La obra soberana de Dios no puede ser aniquilada, y las verdaderas ovejas de Cristo nunca perecerán; pero tanto uno como otro pueden naufragar de una manera práctica. El caso que aquí se supone es el de un cristiano gentil, espiritualmente robusto y libre de prejuicios, haciendo alarde de su libertad ante los ojos de su hermano judío, quien, aunque todavía fuerte en cuanto a la ley, es débil en la fe del Evangelio. De este modo, el hermano débil se ve tentado a hacer cosas que después se reprocha amargamente a sí mismo, estableciéndose tal vez bajo una nube espiritual hasta el día de su muerte.
Es posible que tú y yo estemos haciendo travesuras como esa, si no tenemos cuidado. Así que miremos hacia afuera y mantengamos nuestros ojos en el tribunal.
Al decir esto, prácticamente hemos anticipado el tercer gran principio del capítulo. Es la de la fraternidad cristiana, o fraternidad, podemos decir. El versículo 15 lo dice claramente. “Tu hermano... por el cual Cristo murió” (cap. 14:15). Si Cristo murió por ese hermano débil nuestro, un tipo problemático y torpe, aunque a veces lo sea, entonces debe ser muy querido por Cristo. ¿No será querido para nosotros? Y no olvidemos que usted y yo a veces podemos demostrar que somos tipos problemáticos e incómodos a sus ojos. Que Dios le conceda gracia, como antes a nosotros, para que nos vea como aquellos por quienes Cristo murió.
Basada en este principio viene la exhortación del versículo 19. Siendo hermanos, debemos procurar las cosas que contribuyen a la paz y a la edificación. Debemos estar dispuestos a construir, no a derribar. Debemos aspirar a la paz, no a la contienda. Si nos sentimos tentados a transgredir, hagámonos la pregunta de Moisés: “Señores, sois hermanos; ¿Por qué os hacéis mal unos a otros?”
Es posible que nos extraviemos tanto en nuestros pensamientos que cuando veamos a un hermano débil digamos: “¡Mira, aquí hay uno débil! Démosle un empujón y veamos si se cae”. Se cae, pobrecito. Entonces decimos: “Siempre pensamos que lo haría. Ahora ves que no es bueno, y nos hemos librado de él. Y cuando estemos ante el tribunal de Cristo que murió por él, ¿qué se nos va a decir? Si pudiéramos oírlo ahora, nos estremecerían los oídos. ¡Hay pérdida que recibir, así como recompensa en ese tribunal!
Una vez más, hagamos hincapié en el hecho de que todas estas instrucciones se relacionan con asuntos de la vida, la conducta y el servicio individuales, y no deben extenderse para incluir la verdad vital de Dios y condonar la indiferencia en cuanto a eso. El versículo 17 eleva nuestros pensamientos a un plano superior. Dios ha establecido su autoridad y gobierno en los corazones de sus santos, y esto no tiene que ver con detalles en cuanto a comer y beber, sino con los rasgos de un orden moral y espiritual que le agradan. Que vivamos vidas de justicia práctica y paz, y de gozo santo, en el poder del Espíritu de Dios, es para Su gloria. Somos puestos bajo Su influencia, y Su Espíritu nos es dado para este fin.

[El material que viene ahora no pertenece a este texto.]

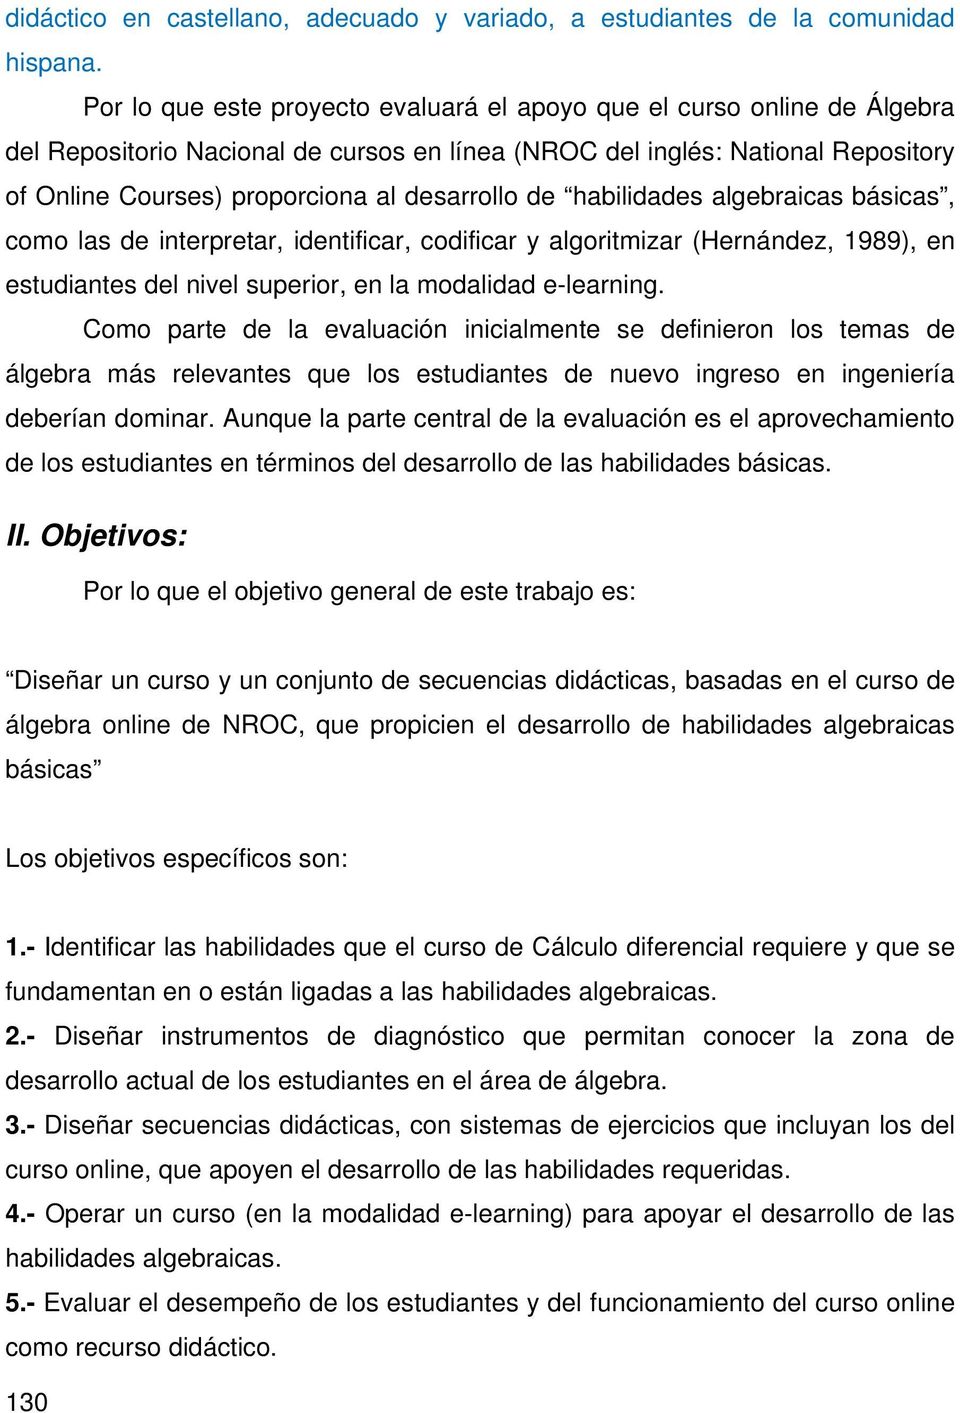 desarrollo de habilidades algebraicas básicas, como las de interpretar, identificar, codificar y algoritmizar (Hernández, 1989), en estudiantes del nivel superior, en la modalidad e-learning.

Al ser introducidos en ese reino, los principios que han de prevalecer entre nosotros son: Libertad, Responsabilidad, Fraternidad, como hemos visto, siendo la responsabilidad para con Dios. A fines del siglo XVII, el gran grito en Francia se convirtió en: “Libertad, Igualdad, Fraternidad”, siendo la igualdad hacia el hombre. ¡Qué tragedias siguieron! ¡Muy pronto se desarrolló una situación que fue la negación total de las tres palabras! Cuidémonos de observar nuestras tres palabras, que obran en la dirección de la justicia, la paz y el gozo.